High school teachers have asked me if the dots and boxes approach can be used to explain the “Remainder Theorem.” This optional station is for anyone interested in learning about the mathematics of this piece of extra-advanced polynomial algebra.

WARNING: This passage is not for the faint hearted!

### Question 1

Let’s examine $\dfrac{x^3-3x+3}{x-2}$. This is the polynomial $p\left(x\right)=x^3-3x+3$ divided by the simple (linear) polynomial $x-2$.

Here’s what I get on the $1 \leftarrow x$ machine. (I had to add in some of dot/antidot pairs.)

Check this. Try it on the$1 \leftarrow x$ machine too.

But let’s look at the picture of $x^3-3x+3$ carefully, taking note of the loops.

We see one loop at the $x^2$ level, two at the $x$ level, and one at the ones level. Plus we see a remainder of $5$. As each loop represents the quantity $x-2$, this means that

$p\left(x\right)=x^3-3x+3=\left(x-2\right) \times x^2 + 2\left(x-2\right) \times x + \left(x-2\right) \times 1 + 5$.
(This is one $x-2$ at the $x^2$ level, two at the $x$ level, and one at the ones level, and $5$.)

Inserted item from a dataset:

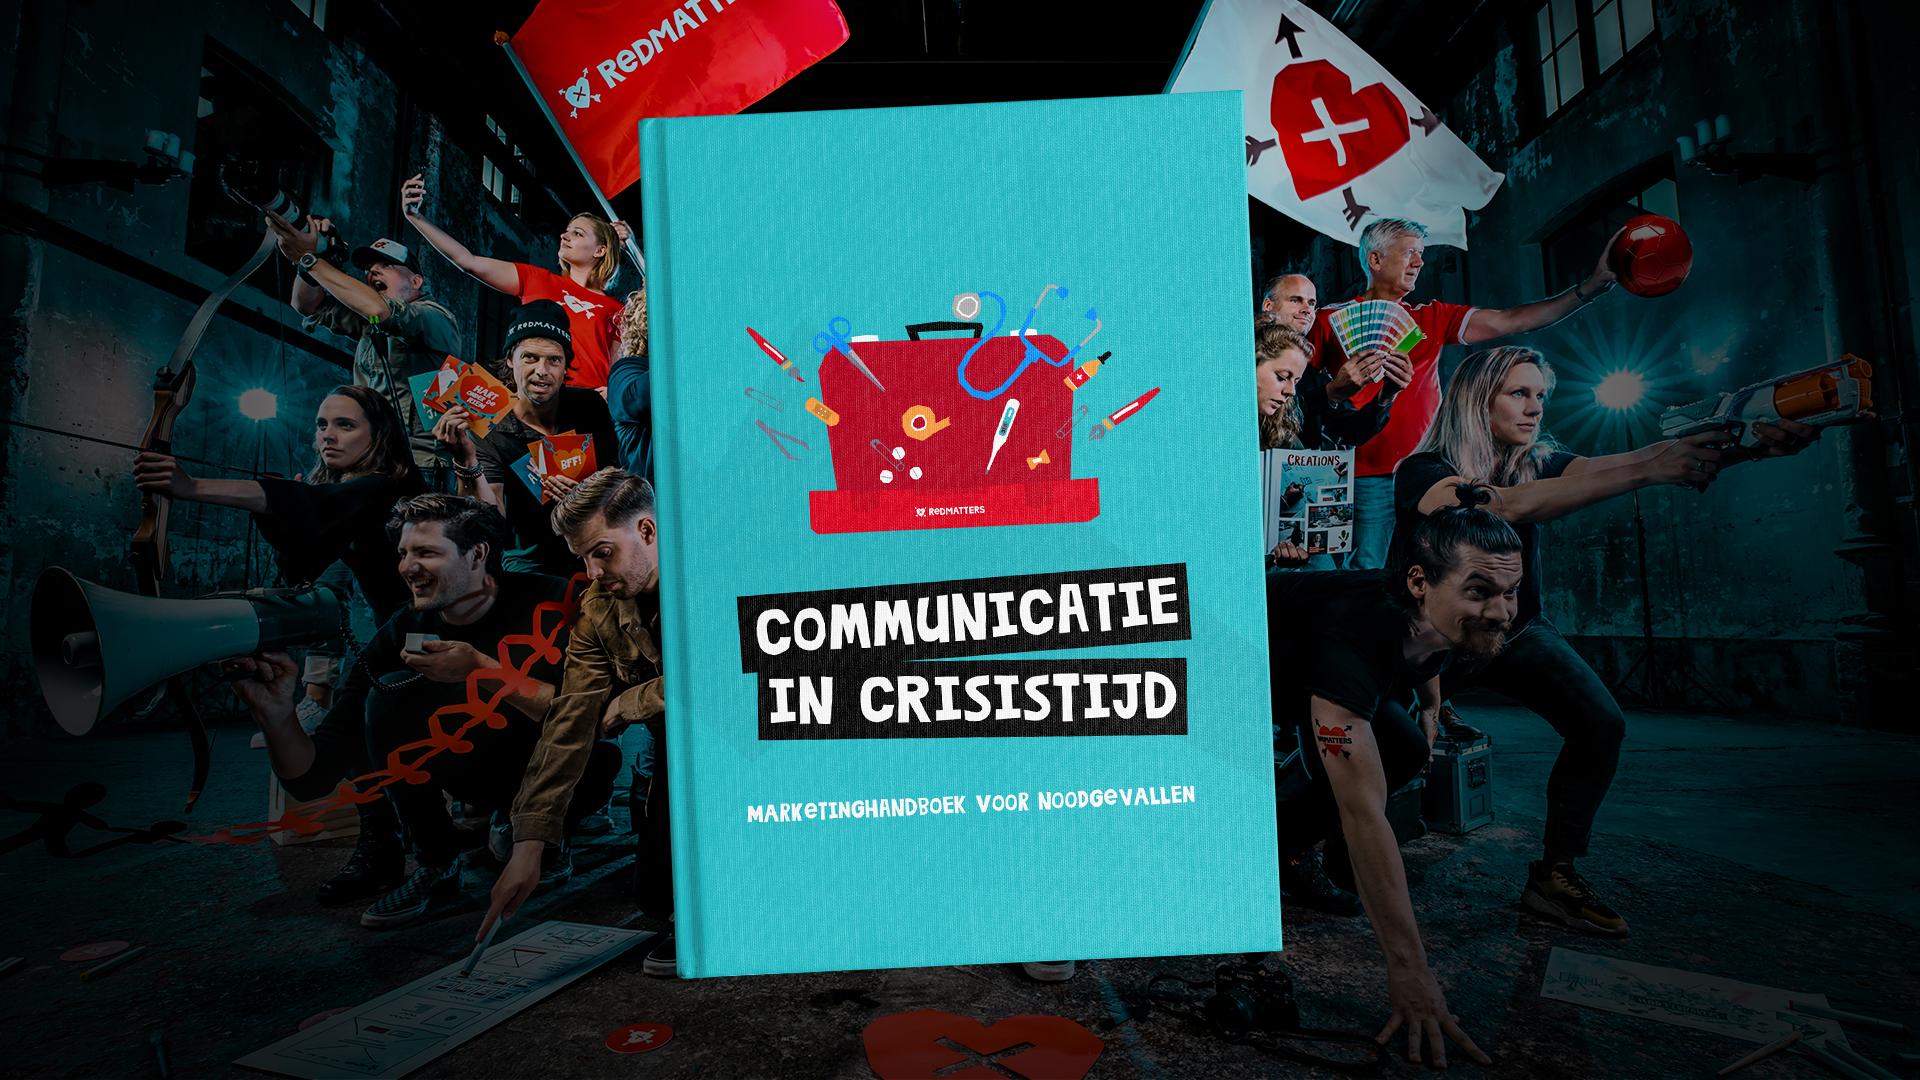 Persbericht - communicatie in crisistijd - Redmatters

This shows that $p\left(x\right)$ is a combination of $\left(x-2\right)$s plus an extra $5$.

$p\left(x\right)=$ multiples of $\left(x-2\right) + 5$.

That “$+5$” is standing out like a sore thumb. If you put in $x=2$ we get

$p\left(2\right)=$ multiples of $0 + 5 = 0+5 = 5$.

In general, dividing a polynomial $p\left(x\right)$ by a term of the form $x-h$ will give

$p\left(x\right)=$ multiples of $\left(x-h\right) + r$
where $r$ is a remainder. Putting $x=h$ shows that $p\left(h\right)=r$.

This is the Remainder Theorem for polynomials.

Dividing a polynomial $p\left(x\right)$ by a term $x-h$ gives a remainder that is a single number equal to $p\left(h\right)$, the value of the polynomial at $x=h$.

People like this theorem because it shows that if $p\left(h\right)=0$ for some number $h$, then $p\left(x\right)$ is an multiple of $x-h$. (The remainder is zero.) This gives the Factor Theorem for polynomials.

A polynomial $p$ has a factor $x-h$ precisely when $h$ is a zero of the polynomial, that is, precisely when $p\left(h\right)=0$.

This is a big deal for people interested in factoring.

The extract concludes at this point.